Saturday, November 12, 2005

Re-writing history

Was anybody else besides me seriously offended by the president's Veteran's Day speech yesterday? Well, Matthew Rothschild was as he explains in an article entitled, "Bush tries to gag critics in Veterans Day speech". Here's a sample:

In his Veterans Day speech, Bush took the low road.

Responding to critics who charge him with manipulating intelligence and hoodwinking the American people into war, Bush said: "It is deeply irresponsible to rewrite the history of how the war began."

And then he set about rewriting it.

He said, "Intelligence agencies from around the world agreed with our assessment of Saddam Hussein."

But at the time Bush launched the war, many intelligence agencies had severe doubts.

Britain's did, as the Downing Street Memo of July 23, 2002, clearly illustrated.

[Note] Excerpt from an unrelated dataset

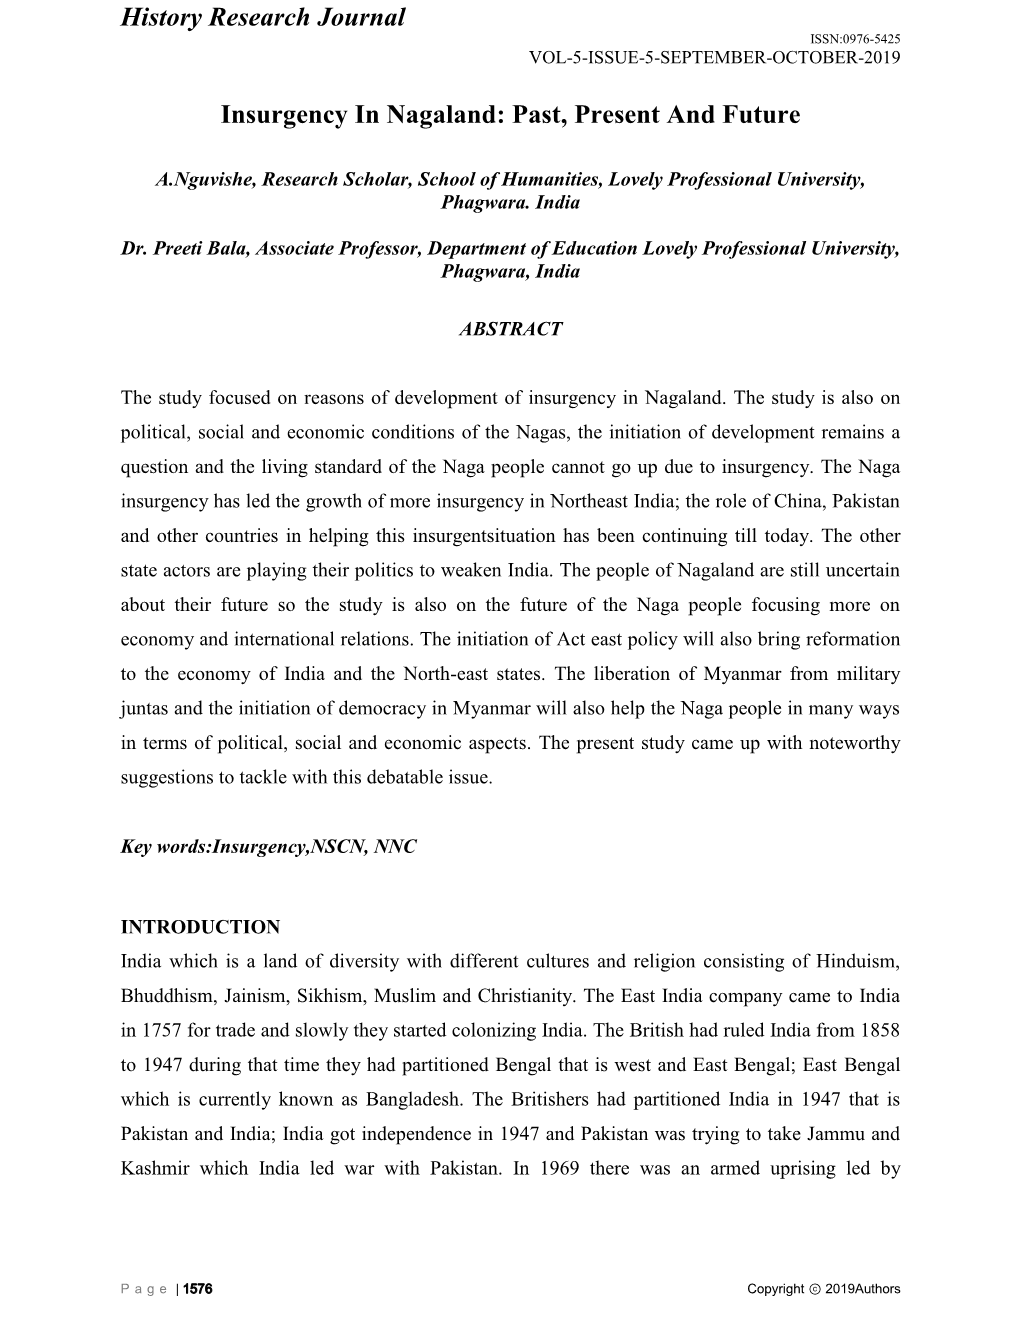 History Research Journal Insurgency in Nagaland: Past, Present And

It noted that the Bush Administration had "already made up its mind" to overthrow Saddam and that "the intelligence and facts were being fixed around the policy." The memo stated that "the case was thin. Saddam was not threatening his neighbours, and his WMD capability was less than that of Libya, North Korea or Iran."

Why then did Cheney say, on August 26, 2002, that Saddam Hussein was amassing weapons of mass destruction "to use against our friends, against our allies, and against us"?

Why then did Bush say, on March 17, 2003, that Saddam Hussein had "some of the most lethal weapons ever devised"?

Nor did the governments of France, Germany, China, and Russia buy Bush's arguments in February and March of 2003.

There's a good reason for that.

The United Nations weapons inspectors had reported back to the Security Council that they could find no weapons of mass destruction. And Mohamed ElBaradei, who heads the International Atomic Energy Agency and is the current Nobel Peace Prize-winner, said in no uncertain terms that Saddam Hussein had not reconstituted his nuclear weapons program, much less the nuclear weapons themselves, as Dick Cheney falsely claimed just days before Bush launched the war.

Then Bush, in a desperate ploy, invoked John Kerry's words when the Senator supported the October 2002 authorization of force. Bush quoted Kerry as saying: "When I vote to give the President of the Untied States the authority to use force, if necessary, to disarm Saddam Hussein, it is because I believe that a deadly arsenal of weapons of mass destruction in his hands is a threat--and a grave threat--to our security."

That was an embarrassing and indefensible vote and statement by Kerry. But Kerry himself now admits that Bush cooked the intelligence."

This administration misled a nation into war by cherry-picking intelligence and stretching the truth beyond recognition," Kerry said after Bush's speech.

What REALLY annoyed me is that Bush claimed that the people we are fighting want to destroy our way of life. They want nothing of the sort. They want us to get out of their country. Sheesh!